(PROVIDED RECORDS Opens)

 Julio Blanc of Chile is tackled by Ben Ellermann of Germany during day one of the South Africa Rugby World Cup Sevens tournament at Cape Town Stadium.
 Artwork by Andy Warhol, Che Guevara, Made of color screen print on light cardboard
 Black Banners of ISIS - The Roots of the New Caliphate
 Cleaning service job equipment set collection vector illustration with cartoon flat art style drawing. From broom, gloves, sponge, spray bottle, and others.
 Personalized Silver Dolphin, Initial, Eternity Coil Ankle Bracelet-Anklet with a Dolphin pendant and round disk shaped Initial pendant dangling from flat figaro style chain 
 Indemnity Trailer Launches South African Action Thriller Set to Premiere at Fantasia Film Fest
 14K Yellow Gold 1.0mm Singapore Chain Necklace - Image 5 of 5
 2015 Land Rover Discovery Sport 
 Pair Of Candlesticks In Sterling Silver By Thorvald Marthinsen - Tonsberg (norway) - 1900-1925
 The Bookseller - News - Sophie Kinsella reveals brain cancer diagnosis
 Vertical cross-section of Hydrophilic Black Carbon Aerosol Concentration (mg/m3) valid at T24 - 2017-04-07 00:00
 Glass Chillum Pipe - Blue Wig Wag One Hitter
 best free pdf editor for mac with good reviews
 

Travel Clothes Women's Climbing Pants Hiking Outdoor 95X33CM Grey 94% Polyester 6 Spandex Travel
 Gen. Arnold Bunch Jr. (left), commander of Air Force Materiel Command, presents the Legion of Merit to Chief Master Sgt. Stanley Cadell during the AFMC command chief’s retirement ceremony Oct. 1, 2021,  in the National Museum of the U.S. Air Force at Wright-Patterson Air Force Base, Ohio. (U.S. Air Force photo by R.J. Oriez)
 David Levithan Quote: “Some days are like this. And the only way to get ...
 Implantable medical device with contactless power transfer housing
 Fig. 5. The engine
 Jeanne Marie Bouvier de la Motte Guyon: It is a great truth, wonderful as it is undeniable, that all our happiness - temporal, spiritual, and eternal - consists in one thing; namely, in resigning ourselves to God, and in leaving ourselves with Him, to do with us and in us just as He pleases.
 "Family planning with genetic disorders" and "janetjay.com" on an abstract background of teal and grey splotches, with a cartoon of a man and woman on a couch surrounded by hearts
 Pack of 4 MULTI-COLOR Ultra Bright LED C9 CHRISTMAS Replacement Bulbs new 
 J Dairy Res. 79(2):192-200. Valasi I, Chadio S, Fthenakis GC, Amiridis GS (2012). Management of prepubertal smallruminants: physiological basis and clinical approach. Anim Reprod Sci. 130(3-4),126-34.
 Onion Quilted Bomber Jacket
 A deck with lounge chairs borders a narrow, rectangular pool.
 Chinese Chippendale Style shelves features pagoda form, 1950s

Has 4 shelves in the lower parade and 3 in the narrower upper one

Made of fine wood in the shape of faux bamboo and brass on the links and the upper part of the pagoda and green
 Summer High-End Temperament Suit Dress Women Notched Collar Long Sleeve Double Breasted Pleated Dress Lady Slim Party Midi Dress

(PROVIDED RECORDS Closes)

- YOUR ASSIGNMENT
Copy the lines of the data above exactly as written, beginning with the line containing "Glass Chillum Pipe - Blue Wig Wag One Hitter" and ending with the line containing "Fig. 5. The engine", and leave out all other lines.

- EXERCISE ANSWER
 Glass Chillum Pipe - Blue Wig Wag One Hitter
 best free pdf editor for mac with good reviews
 

Travel Clothes Women's Climbing Pants Hiking Outdoor 95X33CM Grey 94% Polyester 6 Spandex Travel
 Gen. Arnold Bunch Jr. (left), commander of Air Force Materiel Command, presents the Legion of Merit to Chief Master Sgt. Stanley Cadell during the AFMC command chief’s retirement ceremony Oct. 1, 2021,  in the National Museum of the U.S. Air Force at Wright-Patterson Air Force Base, Ohio. (U.S. Air Force photo by R.J. Oriez)
 David Levithan Quote: “Some days are like this. And the only way to get ...
 Implantable medical device with contactless power transfer housing
 Fig. 5. The engine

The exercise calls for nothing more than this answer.